Isolated mitochondria of two inbred (W23 and OH43) and two heterotic hybrid lines (W23 X OH43 and OH43 X W23) of maize (generously supplied by David Walden, Western Ontario University, London, Ontario) incorporate 35S-methionine into acid-insoluble material at significant rates for 90 min at 27 C. Heterosis was observed in plumule length of imbibed pedigree seed stock of the four lines for up to 96 hr. Purified mitochondria from 4-day seedlings were obtained by differential centrifugation and banding through a discontinuous sucrose gradient according to Forde. Respiratory activity was determined by measurement of O2 consumption by a Clarke electrode of mitochondria incubated in an osmotically stable solution containing ADP/succinate as energy source. 35S-methionine incorporation by mitochondria incubated according to Forde was sensitive to 10 ug/ml chloramphenicol and insensitive to 200 ug/ml cyclohexamide. Genotype-specific differences were observed in rate and total amount of incorporation at 90 min, with mitochondria of W23 and W23 X OH43 incorporating 20-30 times the amount of label incorporated by OH43 and OH43 X W23. No effect of hybridity was observed. Pelleted mitochondria were subjected to 15% SDS-PAGE electrophoresis after 30 min of incubation in label mix containing 19 amino acids, 35S-methionine and ADP/succinate. Eighteen to 20 proteins were detectable by fluorography. No qualitative or quantitative differences among lines were observed. Hybrid vigor is not manifested in mitochondrial protein synthesis.

Utilizing the cell-free mitochondrial translation system developed as outlined above, we characterized the maize mitochondrial response to heat shock. Actively respiring purified mitochondria (200-250 ug protein) were incubated for 10 min at 27 C in label mix without 35S-methionine. After this short equilibration, mitochondria were incubated in water baths at either 27 C or 37 C for 10 min, followed by addition of 5 uci 35S-methionine, and were returned to the water baths. The 40 min incubation at 37 C, after a 10 min incubation at 27 C, constitutes a heat shock. Heat shock occurs rapidly; transcripts of heat shock genes are observable within 3-5 min. Sin (op. cit.) incubated salivary gland mitochondria for 30 min prior to injection of supernatant and induction of heat shock puff in non heat-shocked tissues. A significant increase in rate of acid-insoluble 35S-methionine incorporation at 37 C compared to 27 C was observed in this study in all lines.

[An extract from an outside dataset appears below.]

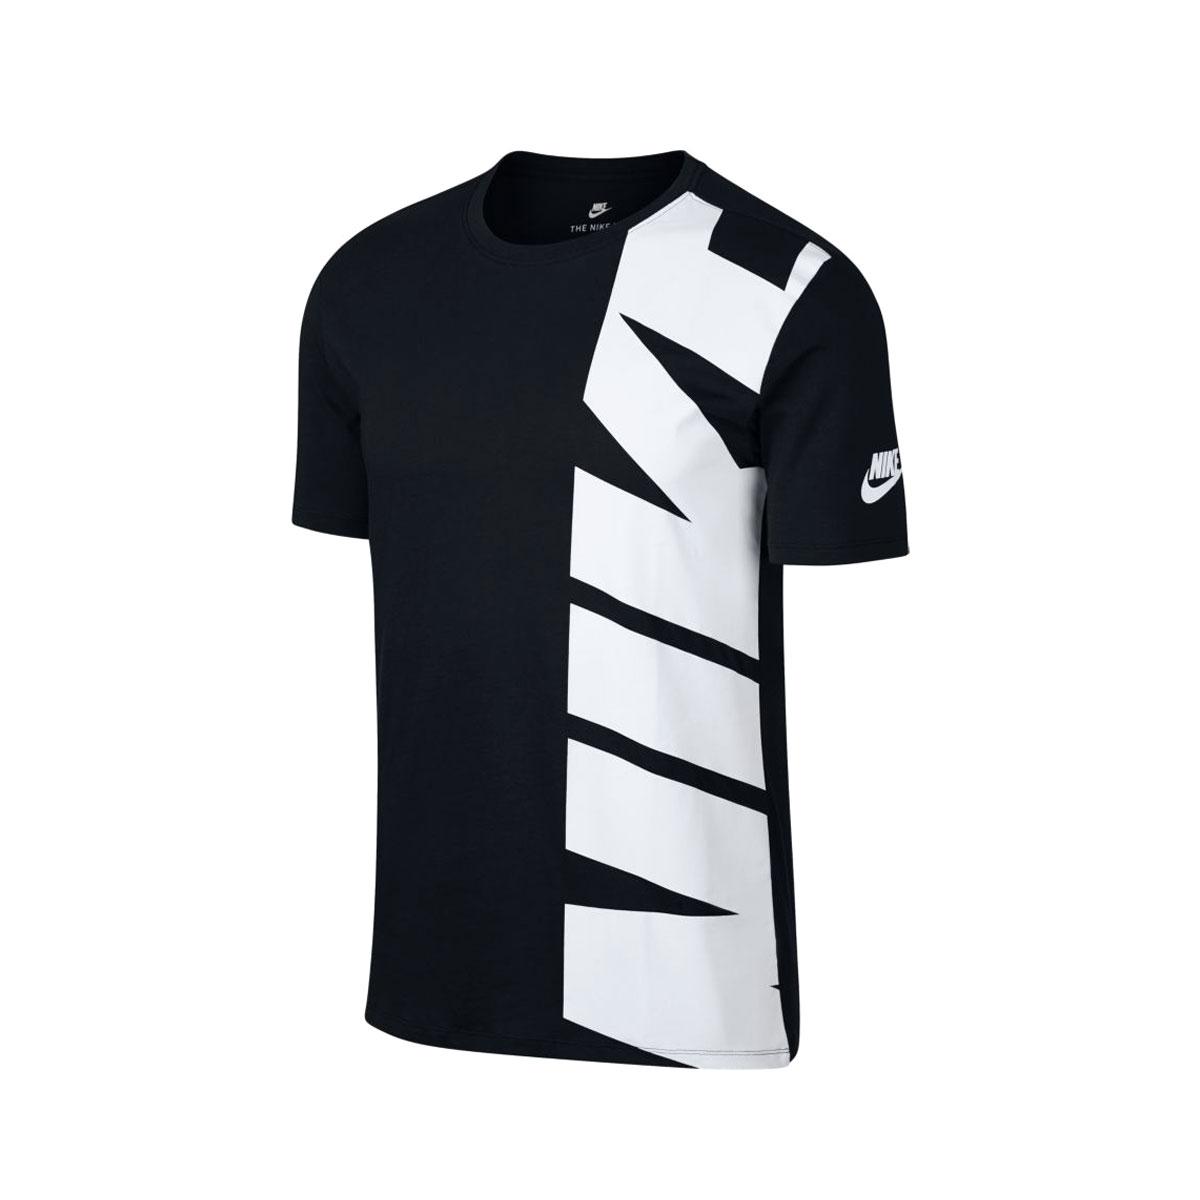 336931bd20 atmos pink  NIKE AS M NSW TEE HYBRID 1 (Nike hybrid T-shirt 1) BLACK ...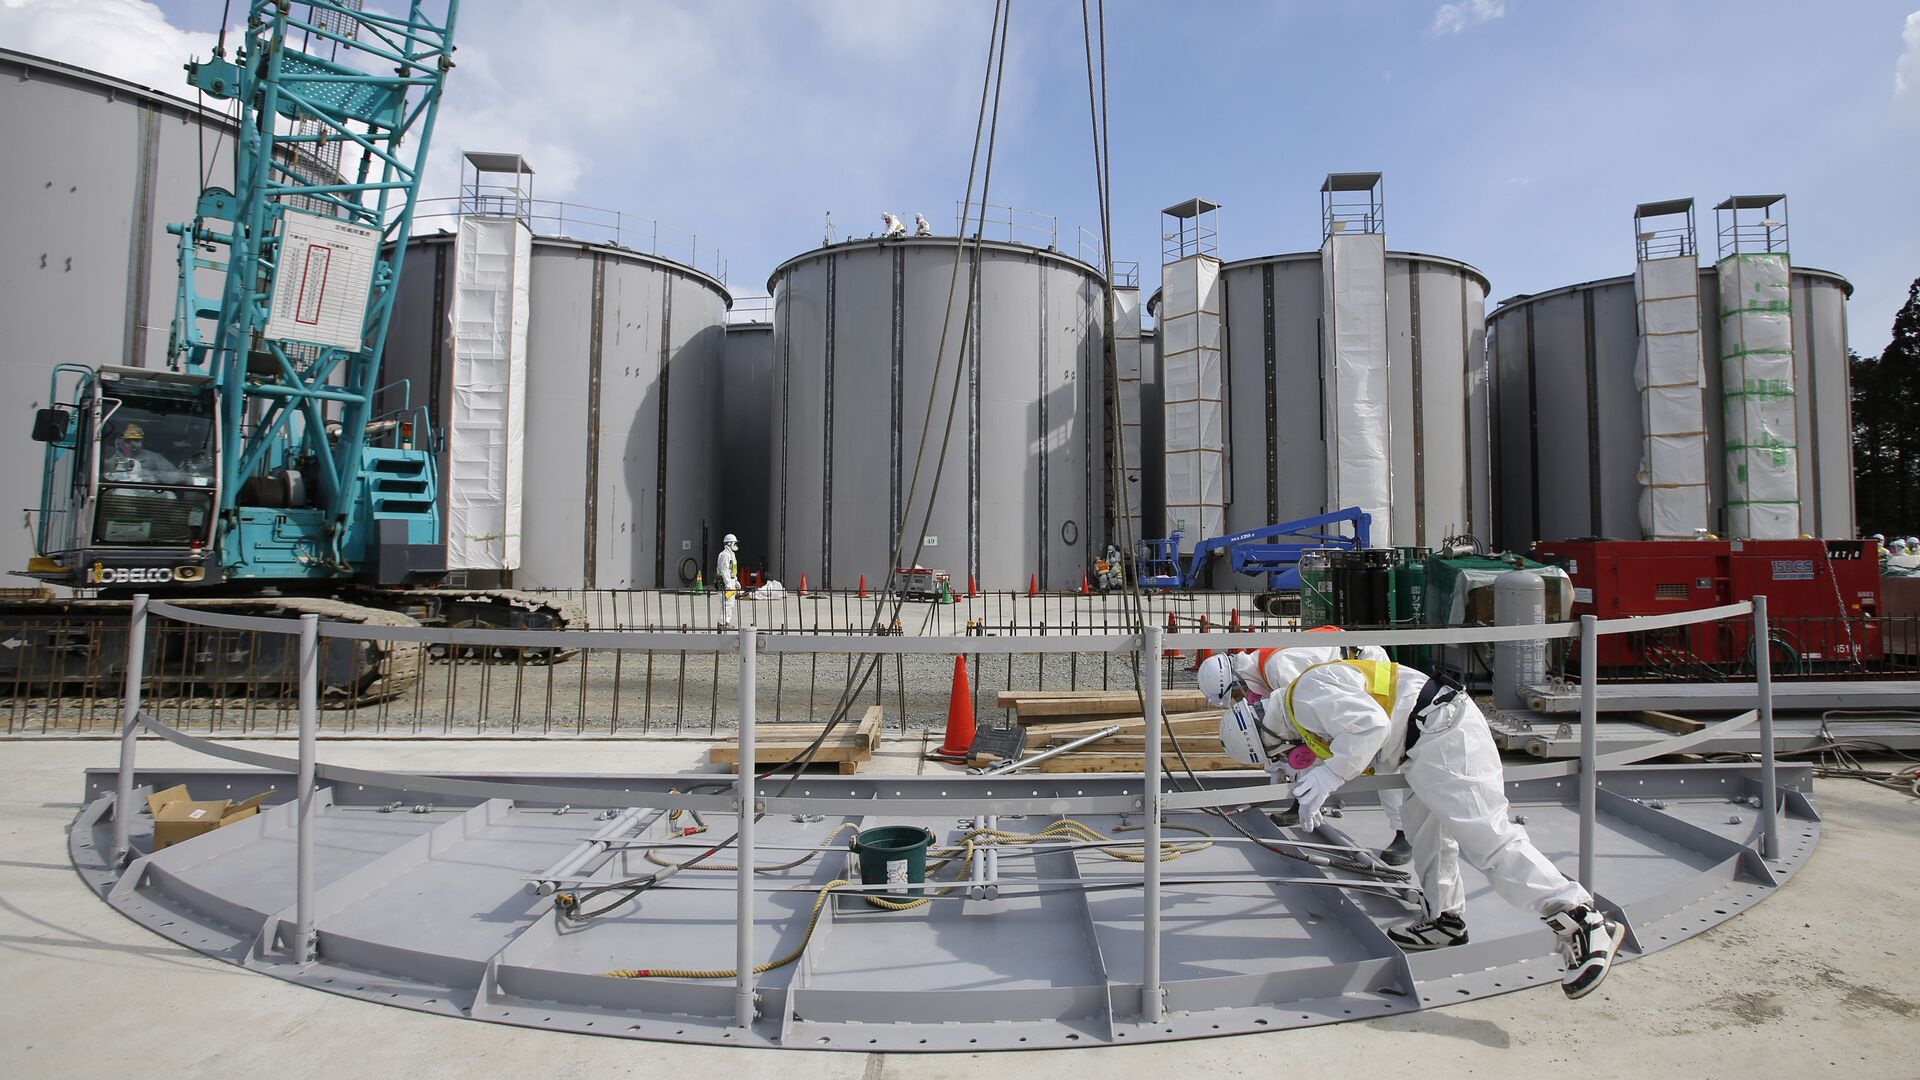 Nhà máy điện hạt nhân Nhật Bản Fukushima-1. - Sputnik Việt Nam, 1920, 14.09.2021

Mitochondria incubated at both 37 C and 27 C were pelleted (10,000 rpm, 5 min) and dissolved in SDS sample buffer, and an aliquot was taken for measurement of radioactivity and subjected to SDS-PAGE electrophoresis and fluorography. Proteins in the supernatants of pelleted mitochondria were extracted and electrophoresed. Our results include: 1) a significant difference between genotypes in 35S-methionine incorporation at 30 min, similar to acid-insoluble incorporation data discussed above; 2) a significant increase in 35S-methionine incorporation at 37 C compared to 27 C for all lines; 3) a significant amount of 35S-methionine detectable in supernatants of mitochondria incubated at 37 C, not detectable at 27 C; 4) detection of a strongly labelled protein, estimated molecular weight 52 Kdaltons, in fluorographs of electrophoresed mitochondria of all lines incubated at 37 C, not detectable at 27 C; 5) detection of a 52 Kdalton protein in mitochondrial supernatants incubated at 37 C, not detectable at 27 C. This protein is estimated to account for 70-80% of the labelled protein in the supernatant at 37 C, while accounting for only 10-20% of total labelled protein in the intact mitochondria. Synthesis of this protein induced at 37 C is sensitive to chloramphenicol and insensitive to cyclohexamide. This protein may be analogous to a short-lived heat shock protein (50 Kdaltons) observed by Meyer (Plant Phys. 72:26, 1983) in tobacco mesophyll protoplasts. Further investigation may strengthen the implication that this protein is a mitochondrial effector of heat shock gene expression. No qualitative effect of hybridity on proteins synthesized in response to heat shock by mitochondria is evident. Further characterization of this protein, including sensitive quantitation, may provide more information pertaining to the possible differential response of hybrids and inbreds to this stress phenomenon.